新仙女木期黄河晋陕峡谷古风成沙层年代及其物质来源

doi:10.11821/dlxb201705003

Abstract

Abstract:

Fieldwork investigations were carried out in the Hukou-Longmen reach in the Jin-Shaan (Shanxi-Shaanxi) Gorges of the Yellow River. Paleo-aeolian sand layers were found interbedded in the Late Pleistocene and Holocene loess-soil profile—Beisangyu profile (BSY). Analytical results, including field investigation, magnetic susceptibility, grain-size distribution, surface textures of quartz sand, and geochemical elements, indicate that the paleo-aeolian sands are medium-sized sandy fine sands, which were formed in a dry and windy climate. And the extreme drought events recorded by paleo-aeolian sand layers were dated to 12.5-11.6 ka, with optically stimulated luminescence (OSL) dating method. The extreme drought event coincided with the Younger Dryas that was recorded by the lacustrine sediment profiles and the aeolian loess-soil profiles in the desert/loess transitional zone in the adjacent region. The paleo-aeolian sands were sourced mainly from ancient riverbed sands in the Jin-Shaan Gorges of the Yellow River. The Jin-Shaan Gorges is situated in a semi-arid zone with a temperate continental monsoonal climate. The region responds sensitively to global change. During the Younger Dryas period, the region is in an extremely dry and cold environment, with strong winter monsoon and weak summer monsoon. The water level of the Yellow River will decline obviously. Consequently, floodplains and channel bars in the river are exposed in a broad area, and a large quantity of sand material drifts to the banks of the river under the force of the wind, which becomes the main source of the paleo-aeolian sand layer in the platforms on the gentle slopes on both sides of the river valley. These results would be of great significance in further understanding the temporal regularities of the extreme drought event and the relations between extreme drought event and monsoonal climate change.

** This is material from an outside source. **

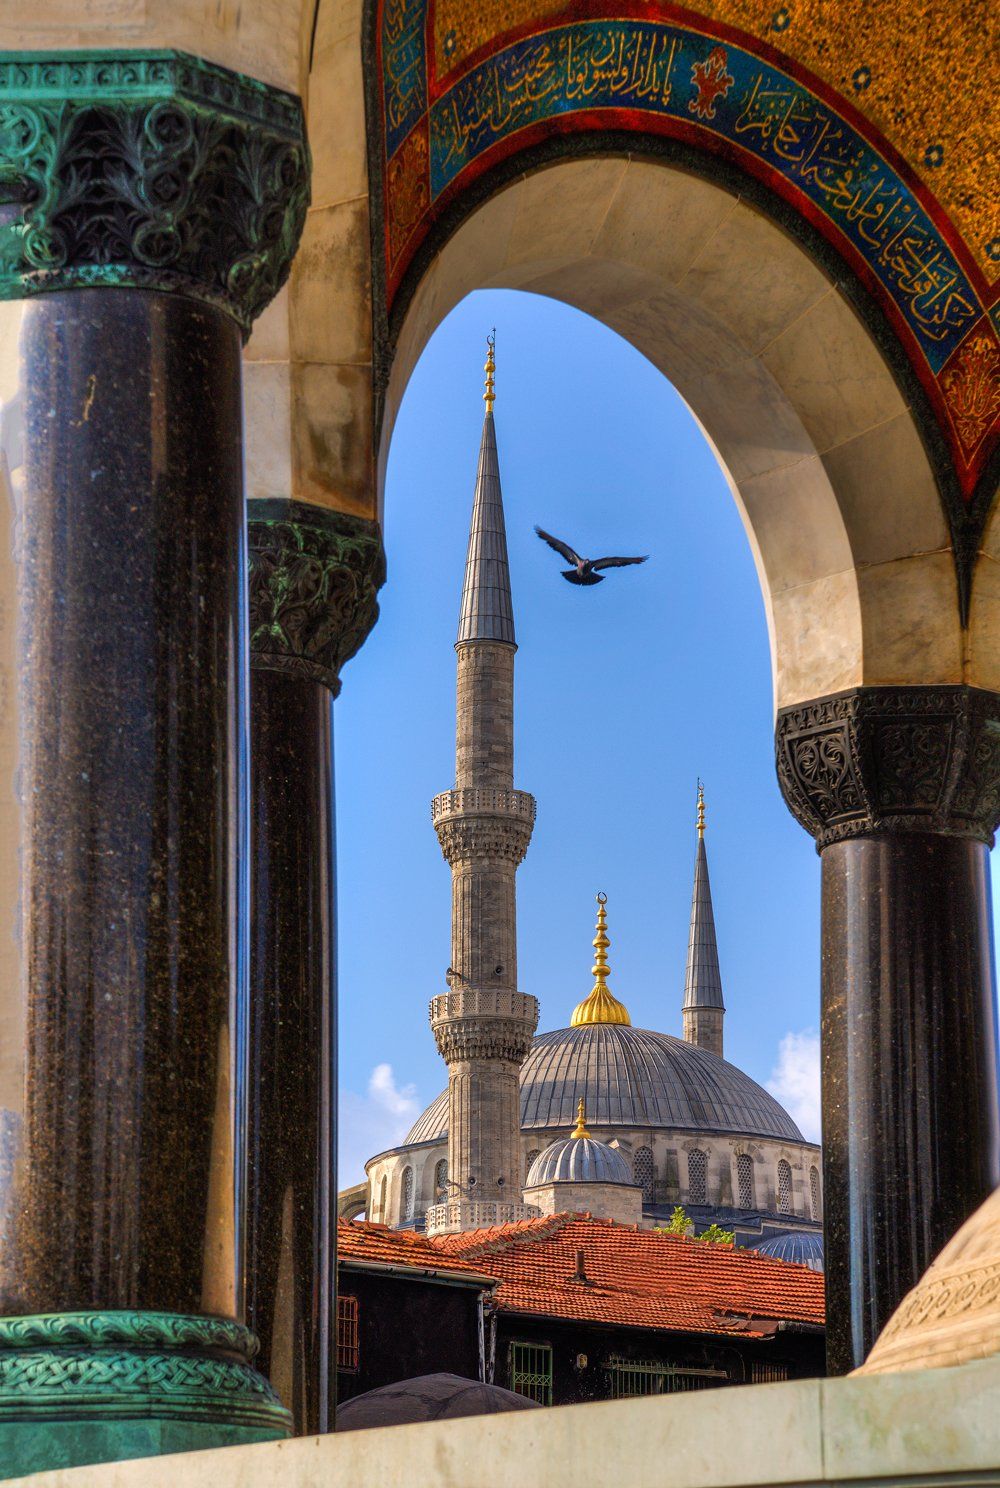 Стамбул, Турция, Немецкий фонтан, Голубая мечеть, птица, минарет, Денис Свечников

Key words: Yellow River, Jin-Shaan Gorges, Younger Dryas, paleo-aeolian sand layer, OSL dating

Yuzhu ZHANG, Chunchang HUANG, Yinglu CHEN, Zhihai TAN, Lirong YANG, Yunxiang ZHANG, Haijun QIU, Bo LIU, Fazhu ZHAO. Age and provenance of Younger Dryas paleo-aeolian sandlayers in the Jin-Shaan Gorges of the Yellow River[J].Acta Geographica Sinica, 2017, 72(5): 790-803.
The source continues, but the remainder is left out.